Mentors, service providers, researchers, university programmes, and government agencies face their own versions of this. The mentor with two free hours a month wastes them on people who do not actually need her specific expertise, because she cannot find the founder who does. The service provider who could change a startup’s trajectory never meets the startup. The researcher with a discovery that could be commercialised never meets the founder who could commercialise it. The government scheme that should reach a thousand founders reaches a hundred.
In aggregate, this is enormous. The cost of information asymmetry in the global startup ecosystem is paid every day, in every city, by every person who participates — and the people who pay the most are, almost by definition, the people who can least afford to.
The shape of the asymmetry is also visible in how the startup economy’s intermediary layer is structured today. Investment bankers, brokers, M&A advisors, finders, deal scouts, accelerators that play the signal-provider role — each of these is a category that exists for a reason. The best of them add genuine, irreplaceable value: they take complex transactions, complex relationships, and complex judgements and turn them into outcomes that founders and investors could not have produced alone.

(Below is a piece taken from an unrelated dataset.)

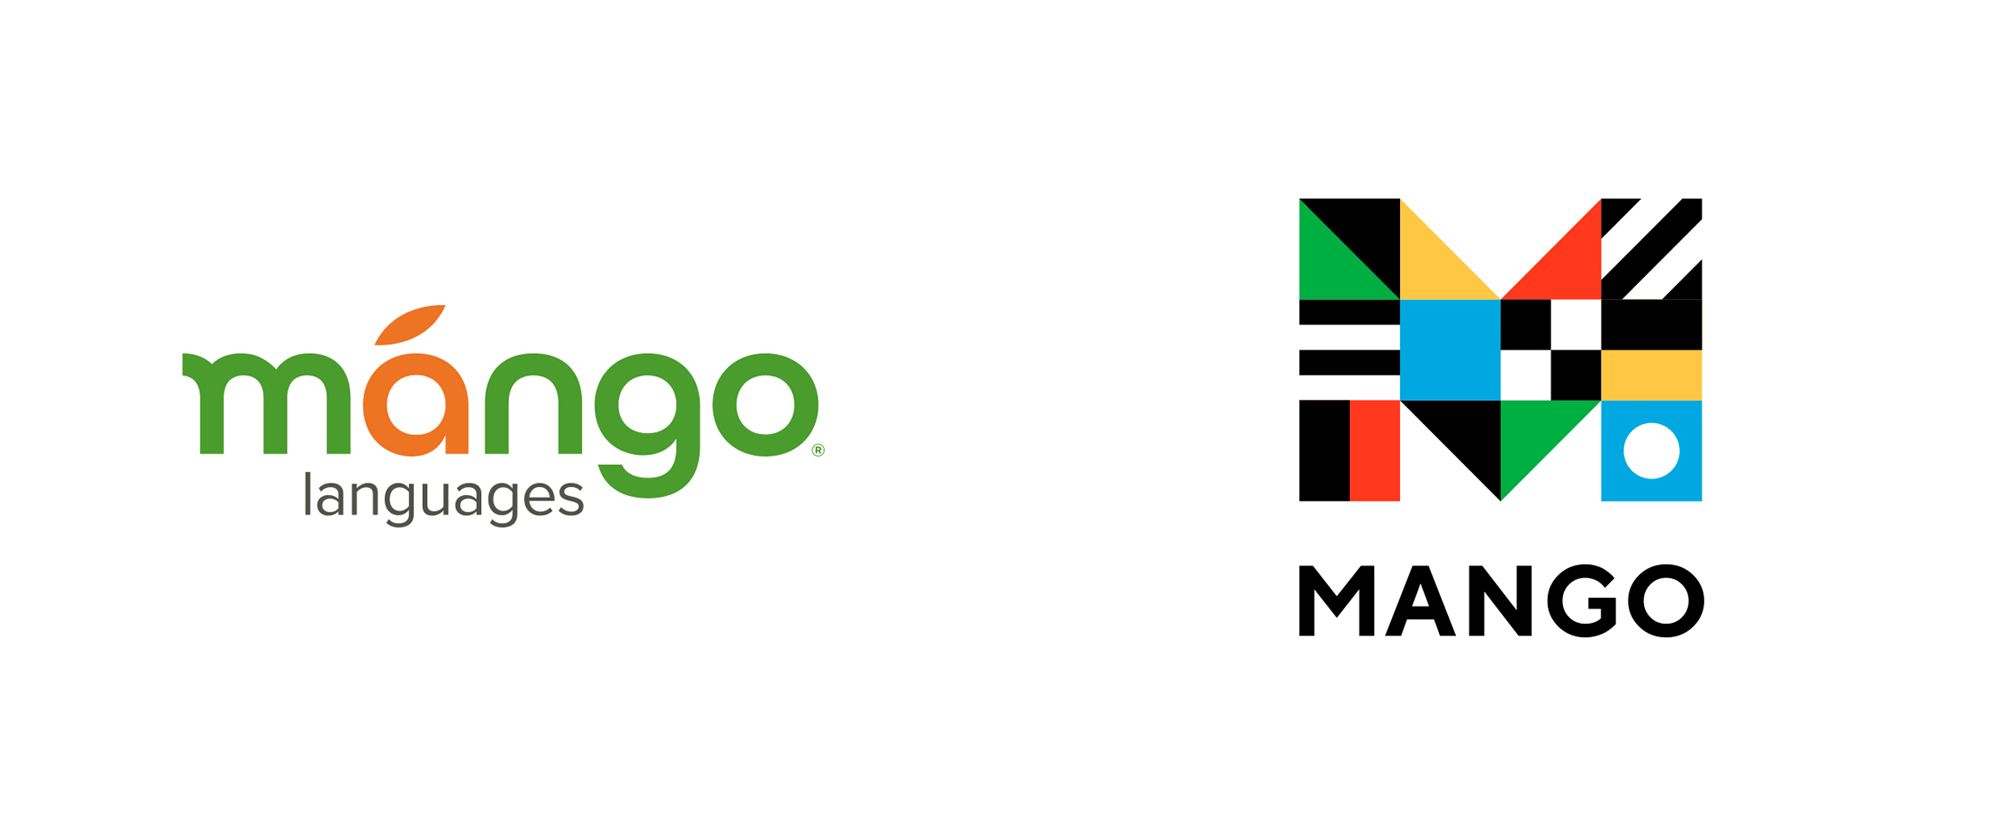 Mango Logo PNG - 178669

Layered on top of that genuine value, however, today’s intermediary economy also carries a second cost — a scarcity premium. In any market where information flow is slow and bounded, the people best positioned to move information across boundaries can charge a premium that has less to do with the quality of their work than with their position in the network. The only lawyer in a regional capital who has drafted a clean term sheet can charge whatever the market will bear, not because she is the best lawyer in the world, but because she is the only one her client can plausibly reach. Multiply that effect across the thousands of roles a startup interacts with, and a large fraction of the cost a founder outside a hub pays today is exactly that scarcity premium — a function of friction in how information flows, not of the underlying quality of the work being done.
This distinction matters because it tells us what changes when the friction goes away. The genuine value-add work of intermediaries does not disappear. If anything, it becomes more accessible — a lawyer who is genuinely brilliant at term sheets in one city can suddenly serve clients all over the world. What recedes is the scarcity premium. The good intermediaries thrive in a more competitive, more global market. The artificially scarce ones — the ones who existed only because someone in their geography had no other option — fade away.
This is the problem.
For most of the last fifty years, the gap, the tax it imposes, and the scarcity premium it generates have been simple facts of life for the startup world. There was no realistic way to bridge them at scale, and so the cost was paid in silence by every founder, investor, mentor, and ecosystem stakeholder operating outside the dense connective tissue of the world’s strongest hubs.
That fact is no longer true. The second essay in this series — What Changes Now — turns to why, and to what is finally becoming possible.
This is Part 1 of "On Information Asymmetry," a two-part series of foundational essays from the World Startup Federation. Part 2 — "What Changes Now" — explains why the problem this essay describes is, for the first time in human history, newly solvable, and what WSF is doing about it. Learn more at worldstartupfederation.org.

A practical introduction to a term you have probably heard — and what it actually means for cities, founders, and the future of entrepreneurship.

The inner mechanics of a functioning ecosystem — and what separates a working one from one that only looks the part.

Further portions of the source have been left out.